— What the exercise asks —
Only an exact copy is wanted: the lines from the one holding "b. A1 = -2, A2= 13" through the last line below, minus the pictures.

[Entries shown Boundary: Start]

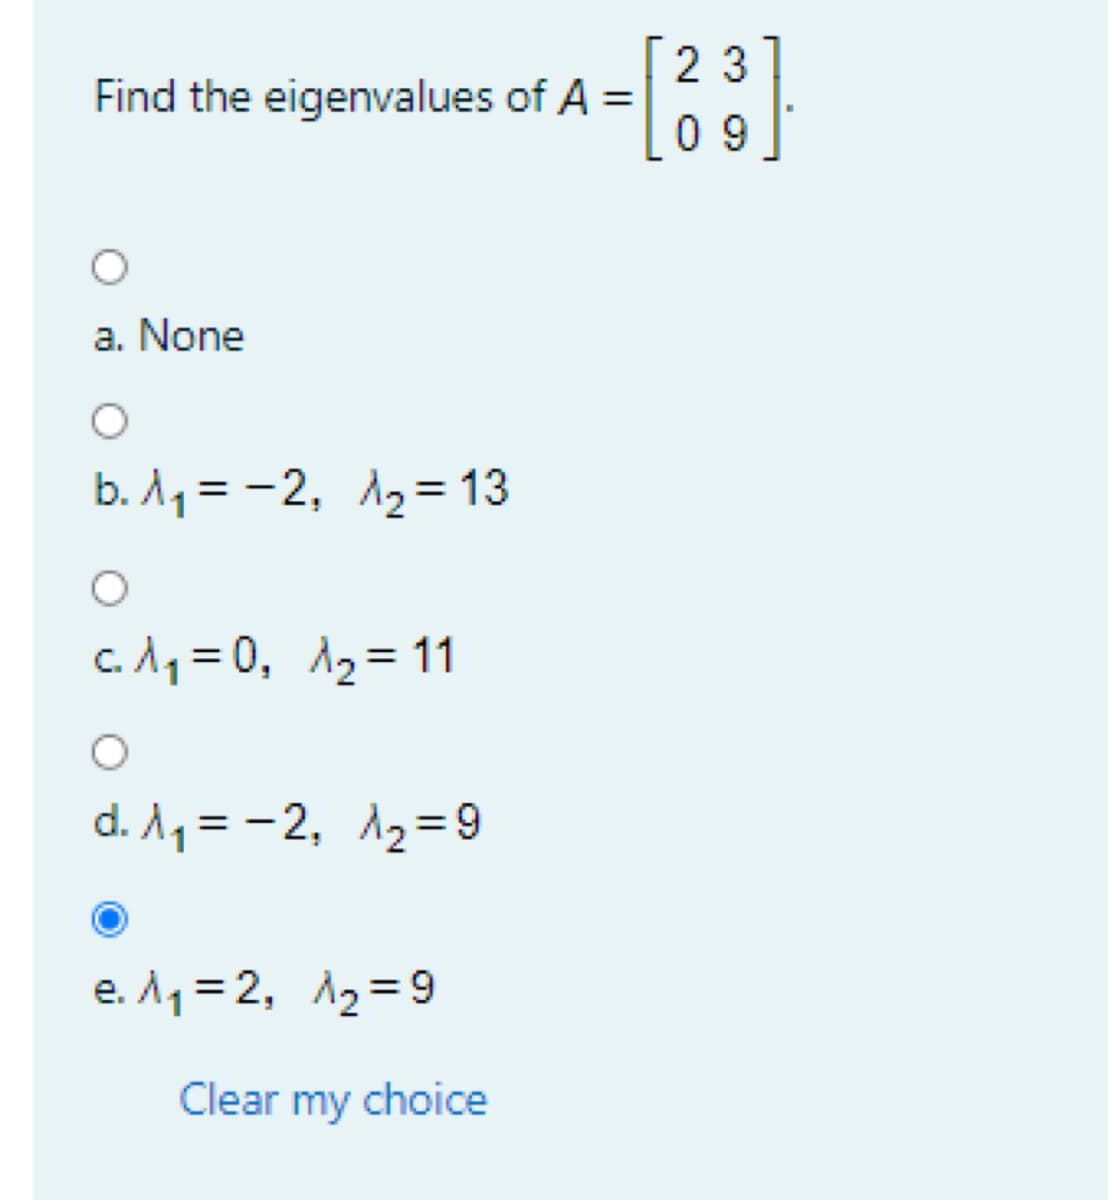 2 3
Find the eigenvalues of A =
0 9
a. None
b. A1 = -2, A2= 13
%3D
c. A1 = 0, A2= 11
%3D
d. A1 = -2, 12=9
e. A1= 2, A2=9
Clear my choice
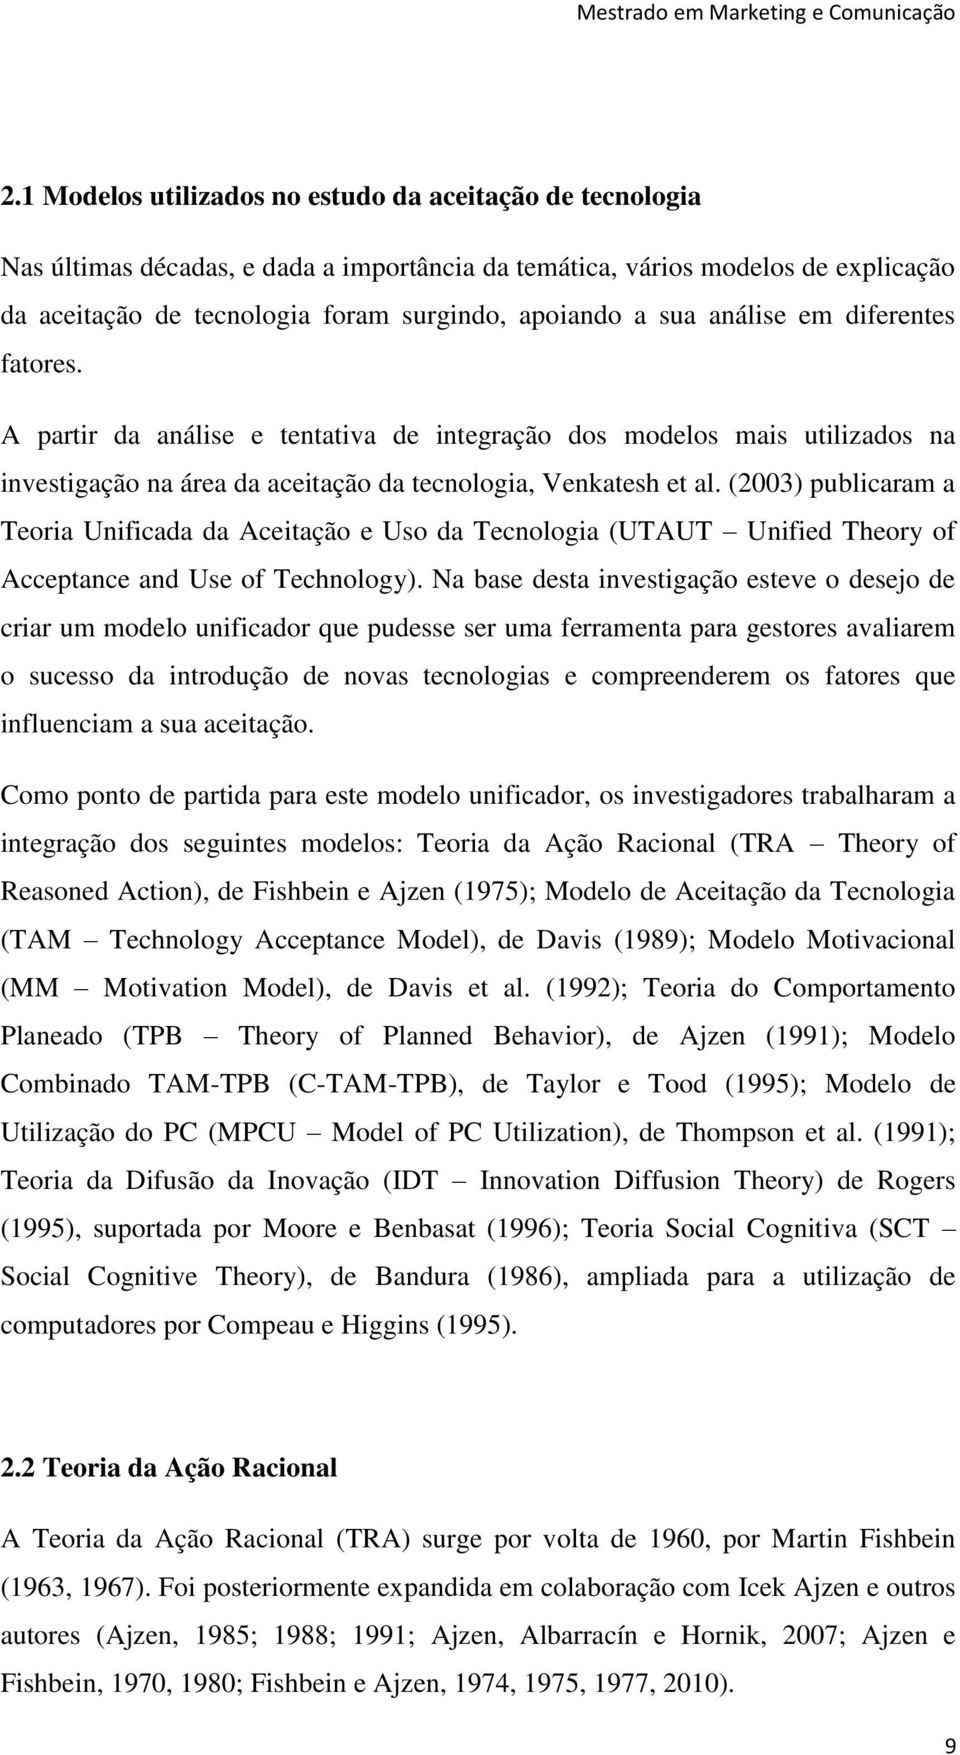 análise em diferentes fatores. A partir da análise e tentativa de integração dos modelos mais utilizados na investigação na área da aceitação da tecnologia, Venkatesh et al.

[Entries shown Boundary: End]

— Answer area —
b. A1 = -2, A2= 13
%3D
c. A1 = 0, A2= 11
%3D
d. A1 = -2, 12=9
e. A1= 2, A2=9
Clear my choice
 análise em diferentes fatores. A partir da análise e tentativa de integração dos modelos mais utilizados na investigação na área da aceitação da tecnologia, Venkatesh et al.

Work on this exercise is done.